Шинсо приходит домой под утро - Шигараки всегда его ждет. У них схожий график, и они всегда ложатся спать вместе. Обнимаются, когда Шинсо возвращается с патруля, уставший и еще более тихий, чем обычно, тихо говорят, чаще заменяя это шуршанием стягиваемой в четыре руки одежды, ленивыми, согревающими прикосновениями и скольжением губ.
В их доме всегда тихо: они не кричат друг на друга, почти не ссорятся, а когда ссорятся - не успевают повысить голос, как уже помирились. Они накричались в прошлом, когда Шигараки на короткое время стал злодеем. Шинсо устраивал сцены ежедневно, потому что применять квирк было запрещено, но крик? Кому понравится, когда кричит тот, кто никогда не кричал?
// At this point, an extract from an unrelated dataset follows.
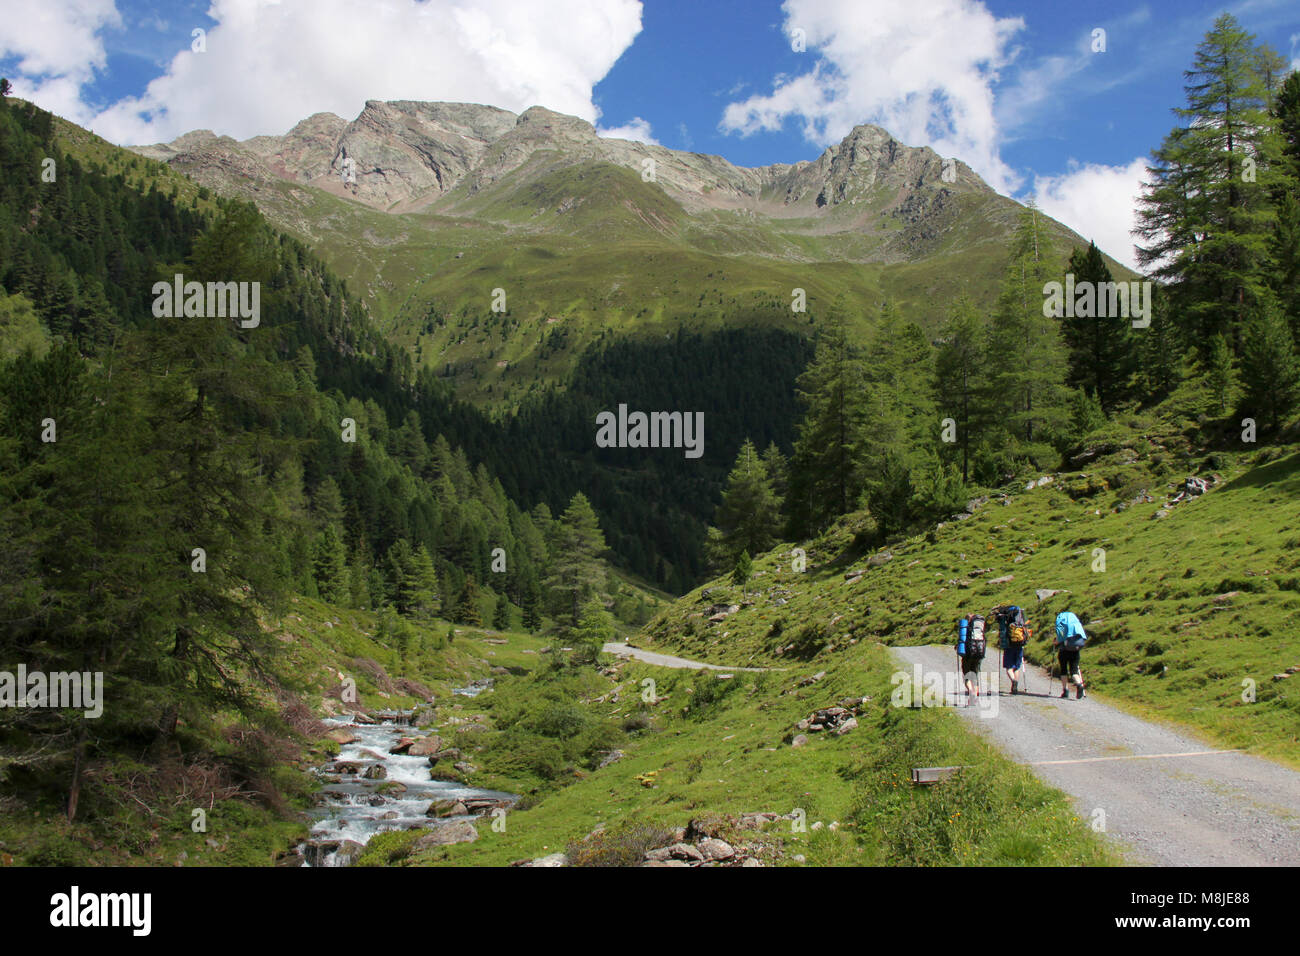 Les alpinistes en Alpes de Stubai, Autriche Banque D'Images

У Шигараки от каждого повышения тона сердце сжималось, и в конце концов он согласился. Кричал в ответ, они даже дрались, у Шинсо все еще есть шрамы, оставленные Шигараки, потому что шрамы от его левой руки не лечатся даже поцелуем Исцеляющей девочки. Когда он чуть не испепелил руку Шинсо, он отказался от самой идеи мстить героям. Мстить обществу. Он не для этого.
Уже нет.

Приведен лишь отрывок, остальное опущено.